*WHAT THE TASK REQUIRES:* Retype all of the data word for word, without pictures.

*SOURCE DATA:*
##########

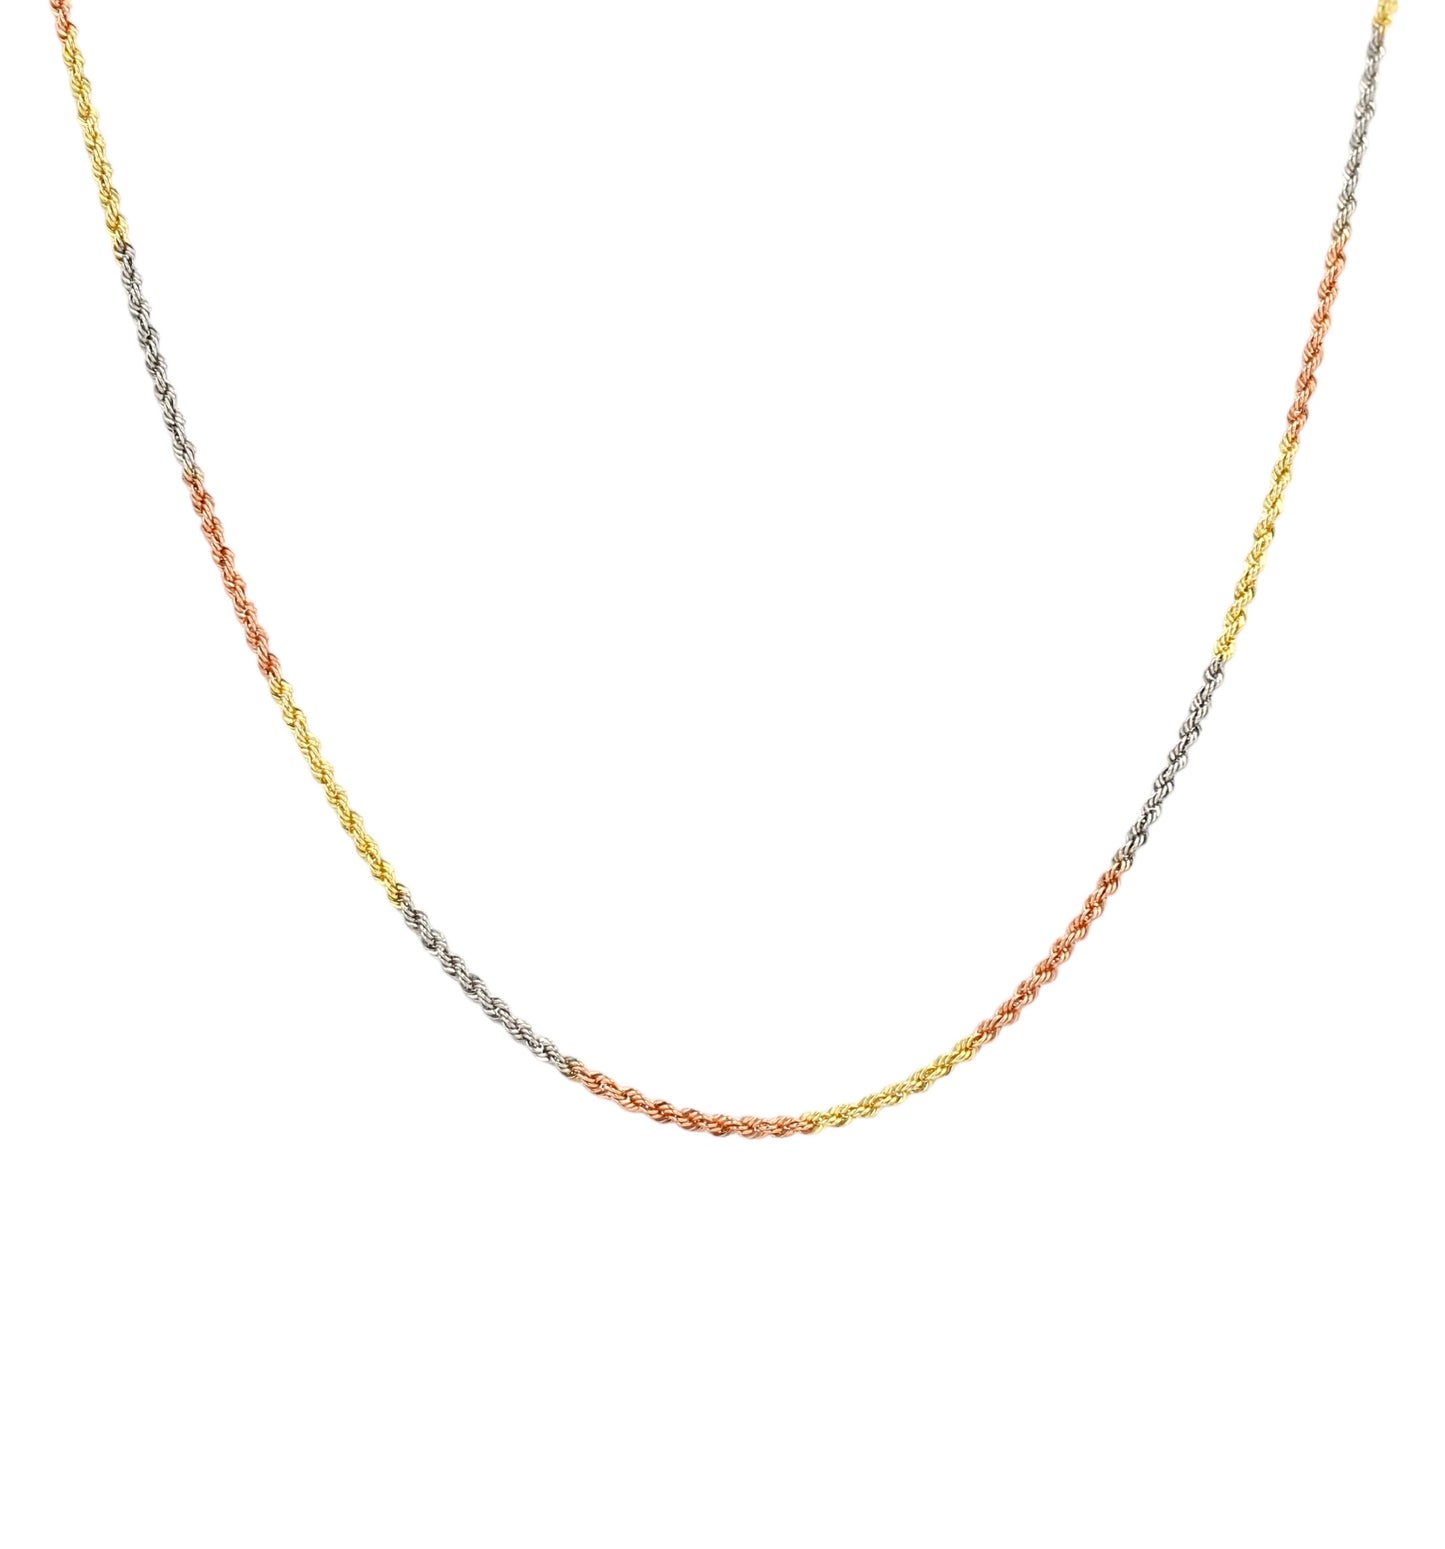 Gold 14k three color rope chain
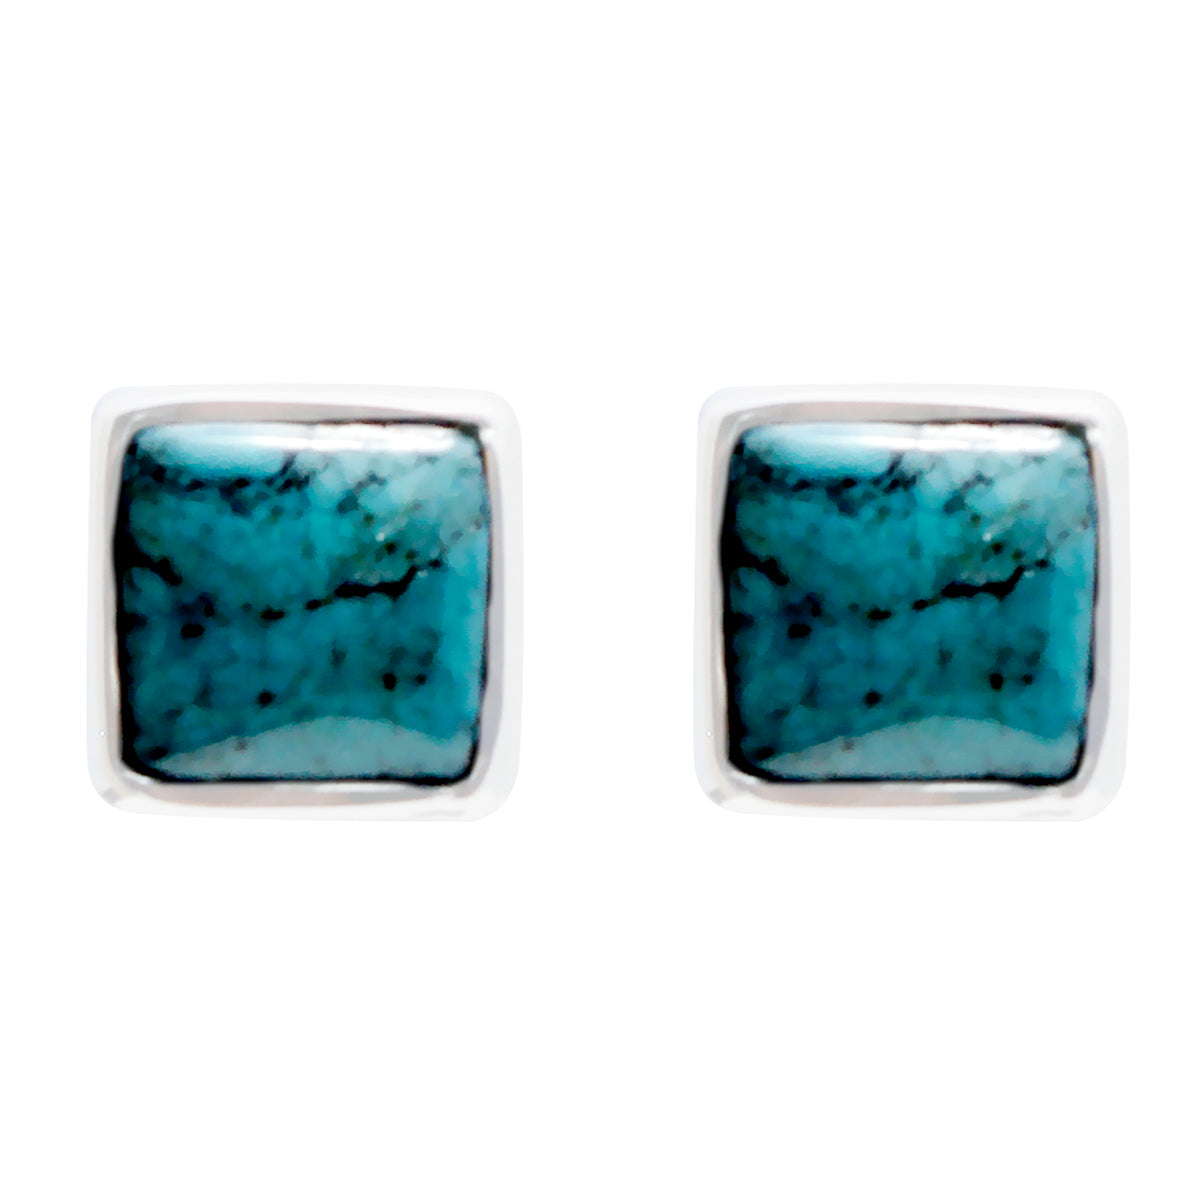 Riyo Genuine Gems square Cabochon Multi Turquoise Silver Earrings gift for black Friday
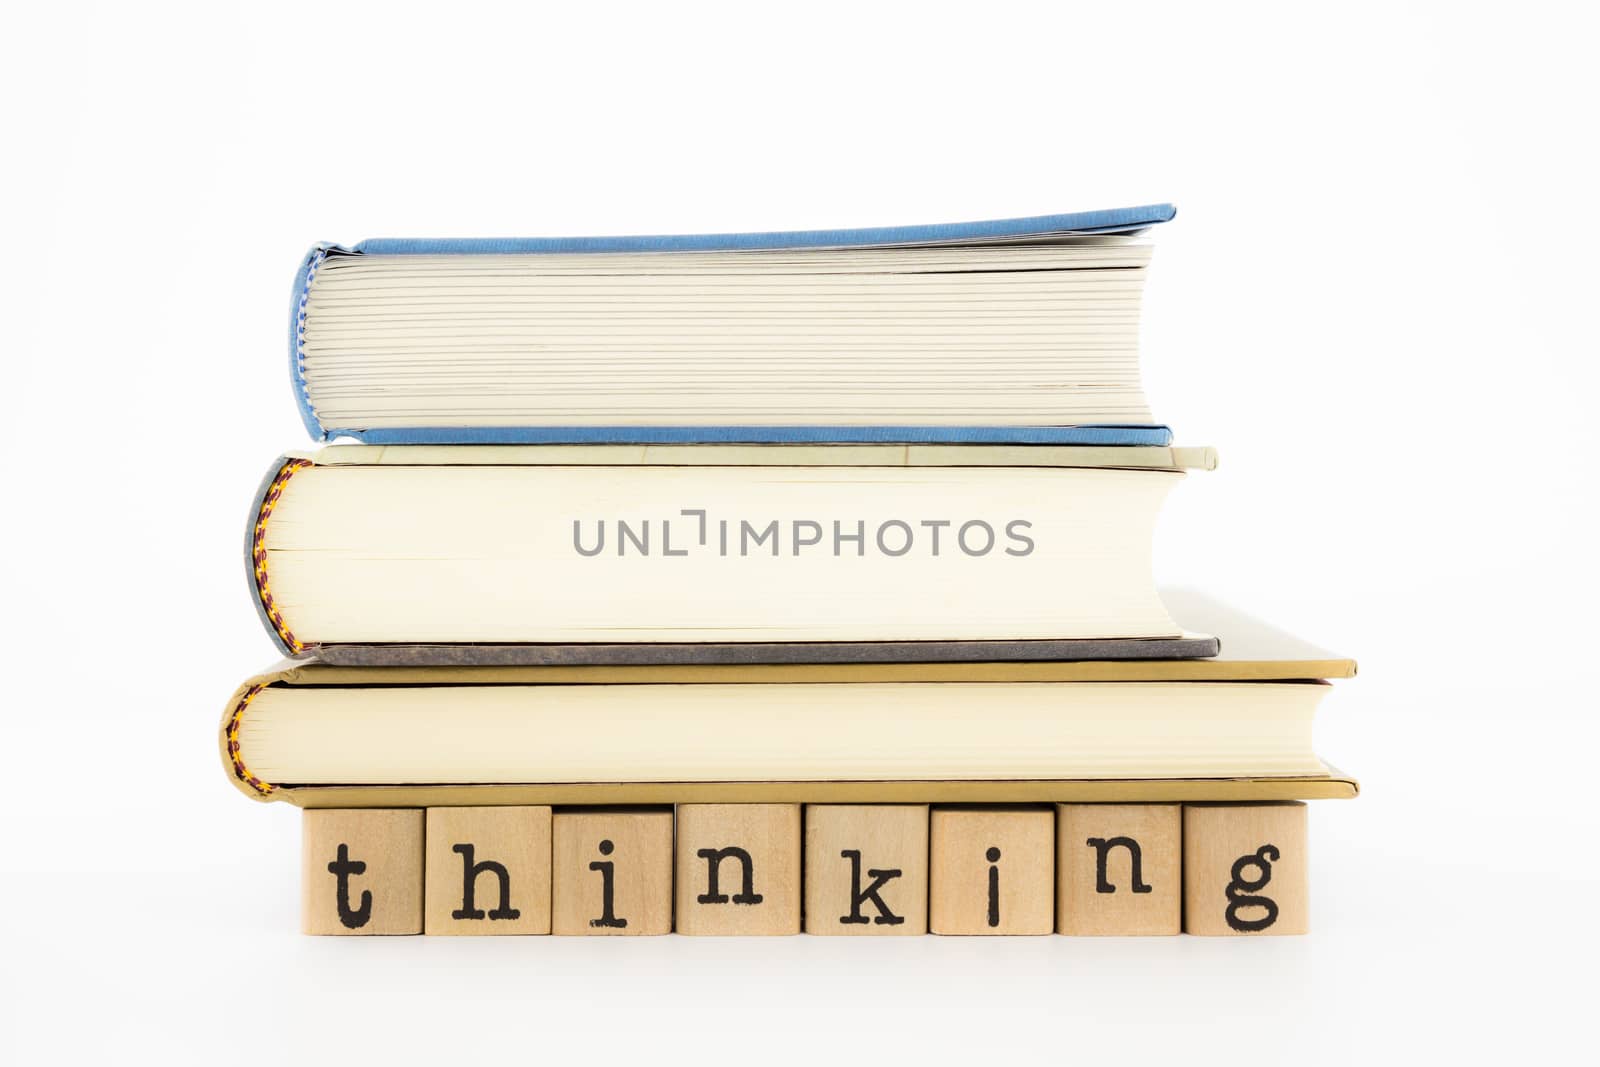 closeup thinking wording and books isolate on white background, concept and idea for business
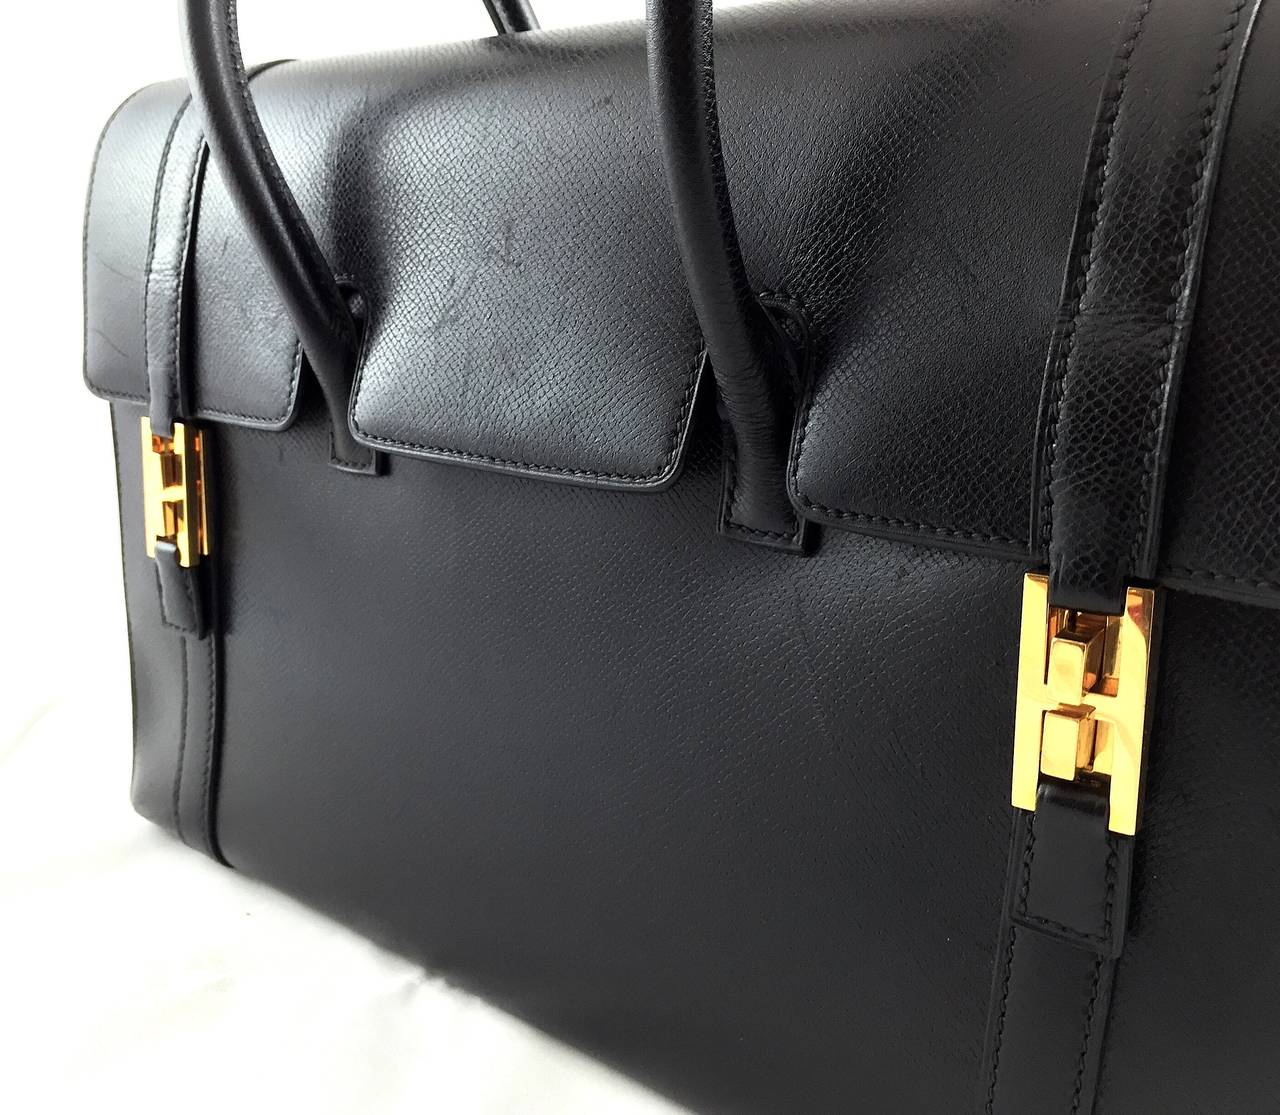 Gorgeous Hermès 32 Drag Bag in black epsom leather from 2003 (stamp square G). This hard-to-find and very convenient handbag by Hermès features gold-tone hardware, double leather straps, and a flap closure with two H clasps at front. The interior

##########

*SOLUTION FOR THIS TASK:*
 Gold 14k three color rope chain
 Riyo Genuine Gems square Cabochon Multi Turquoise Silver Earrings gift for black Friday
 closeup thinking wording and books isolate on white background, concept and idea for business
 Gorgeous Hermès 32 Drag Bag in black epsom leather from 2003 (stamp square G). This hard-to-find and very convenient handbag by Hermès features gold-tone hardware, double leather straps, and a flap closure with two H clasps at front. The interior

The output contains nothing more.